Moreover, the Fund has argued that the proposed amendments are intended to address current disparities and ensure that accident victims, regardless of their socio-economic status, receive full benefits from the Fund.

The Road Accident Fund is a government-funded scheme that provides compensation to victims involved in a motor vehicle accidents in South Africa.

According to the proposed changes, medical aid members and medical insurance holders will no longer be able to claim for medical expenses incurred.

This is expected to lead to higher medical aid premiums.

The new rules also require foreigners to provide proof of legal residence in the country at the time of the accident before they can make a claim.

Furthermore, pedestrians or drivers under the influence of alcohol will not be eligible for compensation from the Fund.

Legal experts argue that these changes may harm accident victims and suggest that the RAF should instead focus on addressing maladministration and corruption within the system.

The Haslam partners explain, “There are vast exclusions introduced to no apparent reason such as pedestrians crossing a highway will be none suited; non citizens may not claim. There is rampant maladministration from managerial level down.”

RAF acknowledges the shortcomings of its current system, which has resulted in those who have received lower benefits when claiming from the fund.

In response, RAF intends to revise its social benefits scheme, which currently requires claimants to undergo assessments by lawyers and actuaries.

Road Accident Fund Bill | Dr Aslam Dasoo on the proposed amendment

Moreover, RAF emphasizes that those who are opposing these changes are doing so to benefit themselves.

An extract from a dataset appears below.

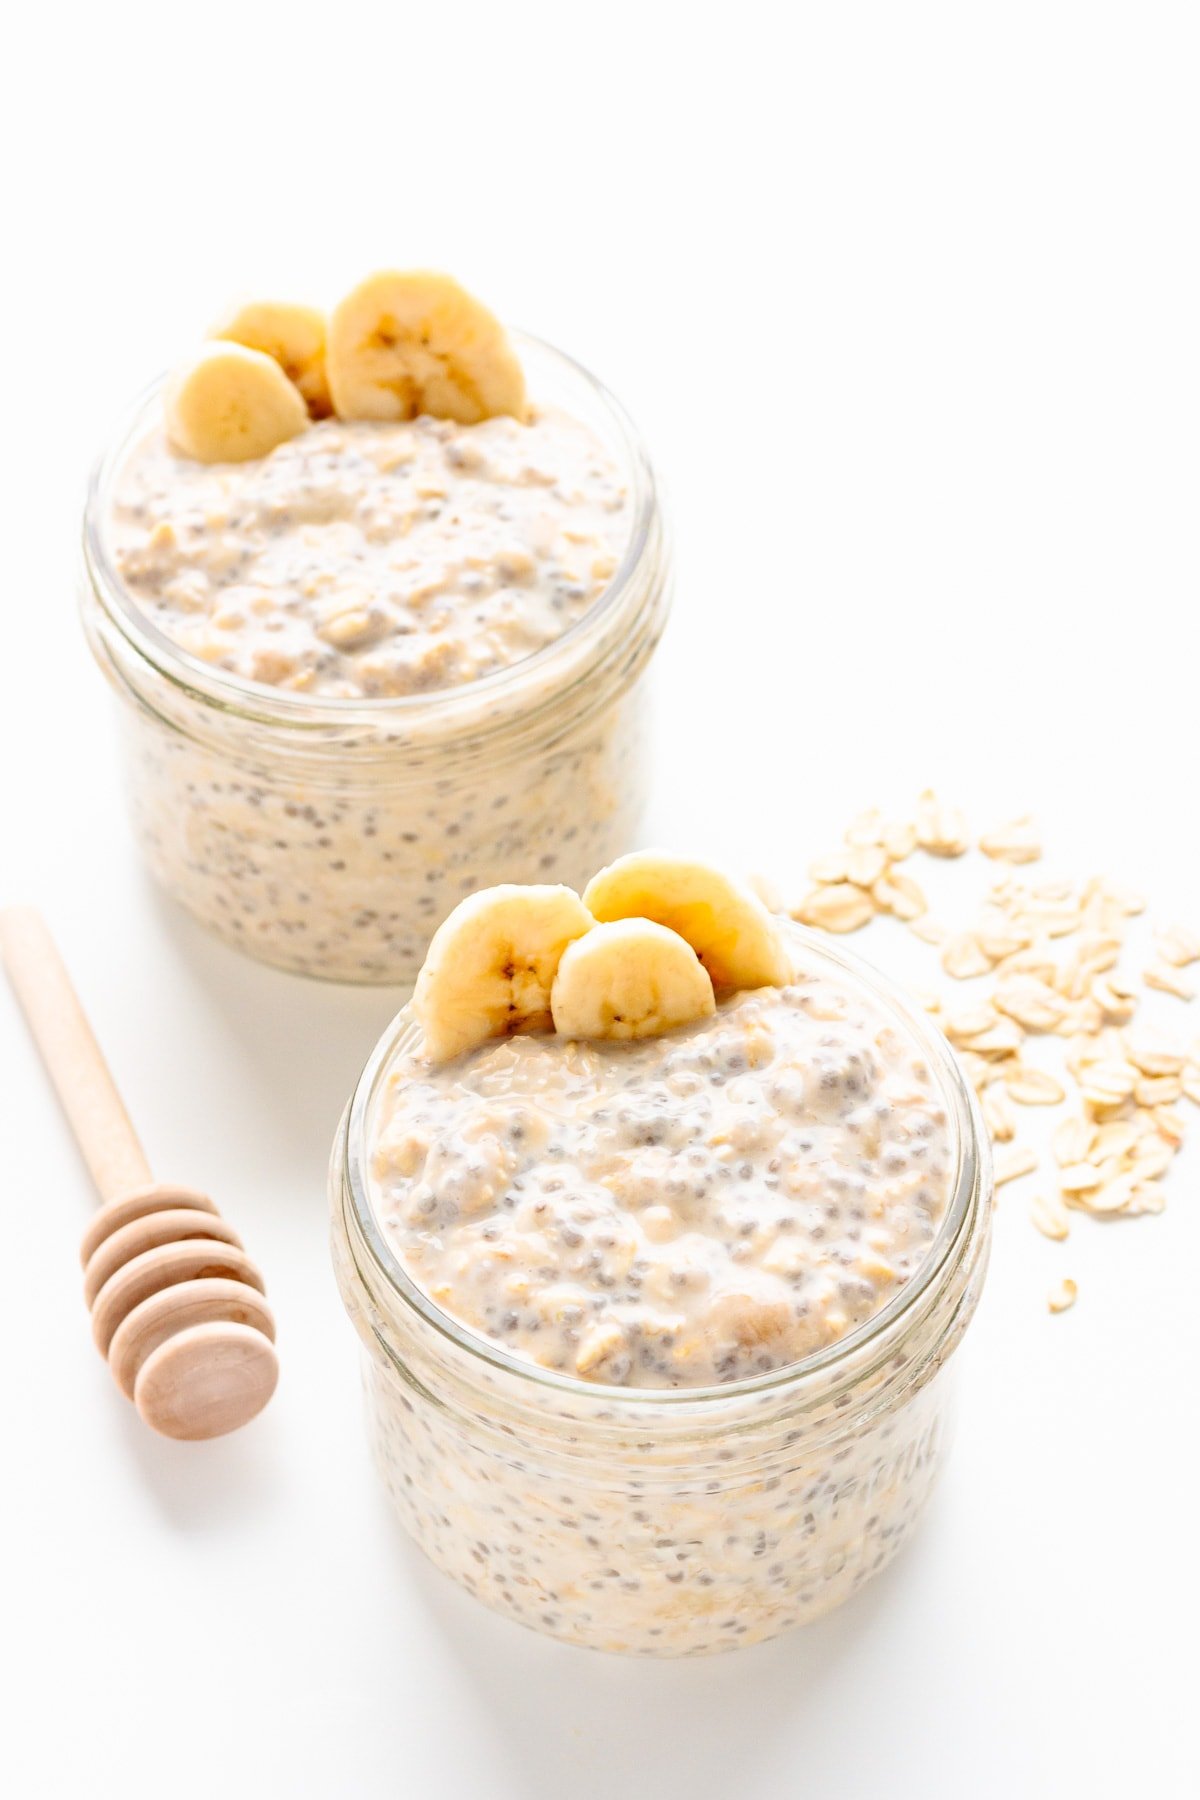 Two jars of banana overnight oats garnished with banana slices with a honey dipper and some rolled oats beside them.

CEO of RAF, Collins Letsoalo says, “You are going to see a very  strange phenomenon coming from lawyers calling themselves civil society they are going to form organisations that are going to try and fight this last time there was a road accident benefit scheme we  saw new a organisations of lawyers being formed.”

RAF has announced that medical aid providers are not authorised to require reimbursement from their members, who have made claims from the Road Accident Fund.